The good news was, Damon Bridger hadn’t set the fire. At least for now, Tory and Ivy were safe.
He hit the hands-free button and pushed the number for the landline he used for business. He’d been putting off hiring someone to design an Iron River Ranch webpage and set up the ranch’s bookkeeping and tax records, but he’d need to do it soon.
The phone rang a couple of times before Tory picked up, which reminded him to buy her one of those throwaway phones to use when she was in the trailer. He didn’t like her being over there with no way to communicate.
“Tory, it’s Josh,” he said.
“Hey, Josh.”
Just hearing her voice made his groin tighten. He couldn’t believe it. “You don’t have to worry about Bridger. Randy Stevens set the fire.”
“Oh, God, that’s the teenage boy you hired?”
“Randy’s nineteen. Grown up enough to know the difference between right and wrong.”
“Did the sheriff arrest him?”
“Not yet, but odds are he will. His father’s taking care of it. I trust him to handle it.”
“At least it wasn’t Damon. I can’t tell you what a relief that is.”
“Yeah. Listen, I’ve got to go. You and Ivy have a good night.”
“You too,” she said softly.
He was hard by the time he hung up. It made no sense. She wasn’t even his type. He liked big, buxom women, the kind who could handle what a man his size had to give. Not some petite little female half afraid of men. For him sex was a stress reliever. He didn’t want to have to hold back, worry about hurting the lady in his bed.
He stopped by the grocery store to pick up a couple of items and buy that phone, then headed for Jubal’s, even more in need of a drink after talking to Tory.
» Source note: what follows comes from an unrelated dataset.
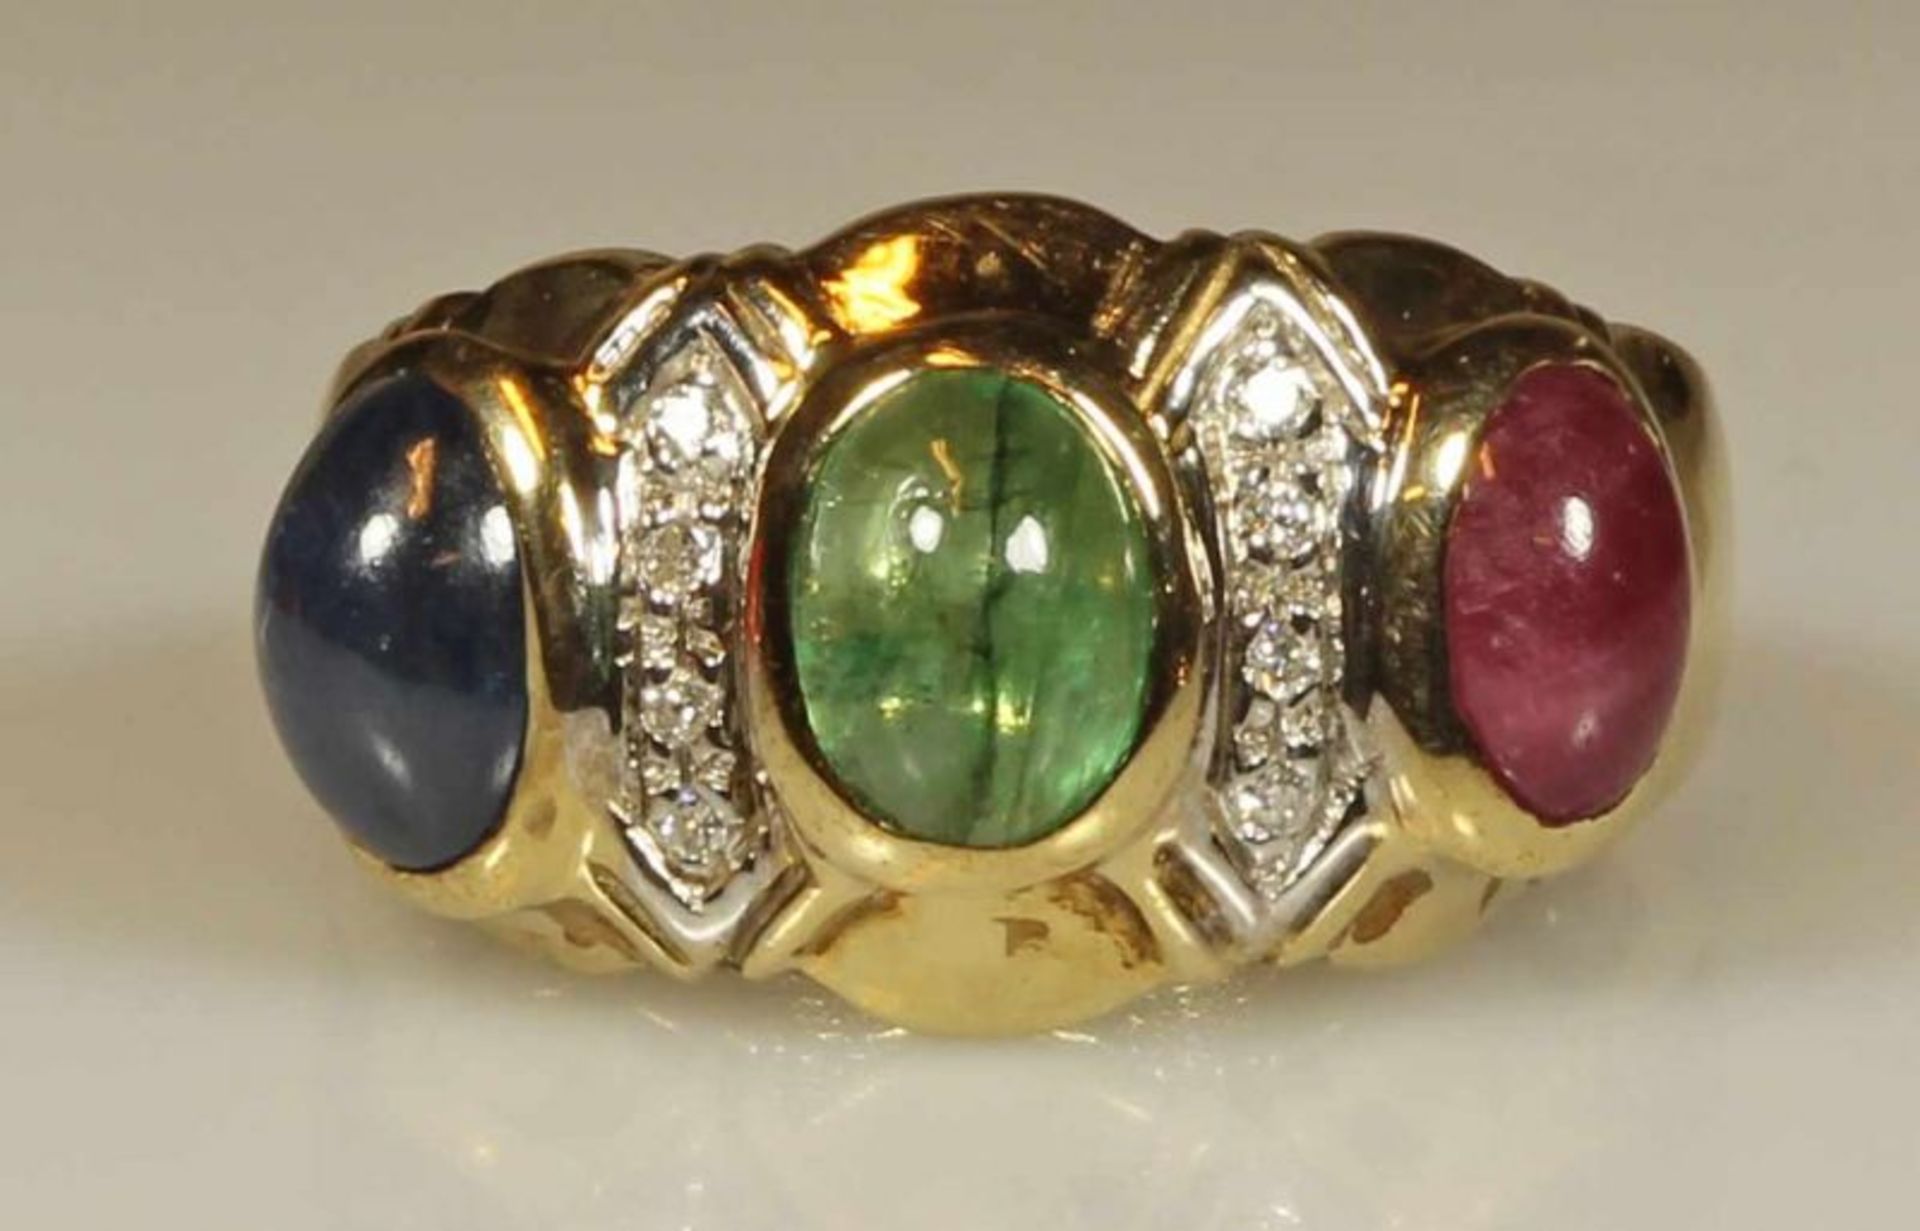 Ring, GG, punziert 375, je 1 ovaler Smaragd-, Saphir- und Rubincabochon, ca. 6.5 x 5 mm, 8

When his phone rang, he hit the hands-free. “Josh Cain.”
“Josh, it’s Noble Blanchard.” The guy he’d bought the ranch from. “I got your call about the stallion.”
“What can you tell me about him?”
“I bought that horse as part of a package deal, just the way I sold him to you. The previous owner was a fella named Porter Sturgis. Sturgis is kind of an a-hole, if you don’t mind my saying. Treats his stock really poorly.”
“Makes him worse than an a-hole in my book.”
“Sturgis had the stallion for a while, but the horse was raised from a colt by a woman named Amanda Bonner. When she was killed in a boating accident, the horse was sold to Porter.”
“You think Porter’s mistreatment was what made the stallion so crazy?”
“I hate to spread gossip, but yes, that’s what I think.”
“I appreciate the help, Noble.” And it might just be the answer to the question he’d wanted answered.
Why did the stallion respond to Tory and no one else?
After talking to Noble, Josh believed the obvious might be correct. The horse trusted her because she was a woman.
He ended the call as he pulled into the parking lot of Jubal’s, a false-fronted wood-framed building at the edge of town that looked like something out of the Wild West. Even had a board walkway out front.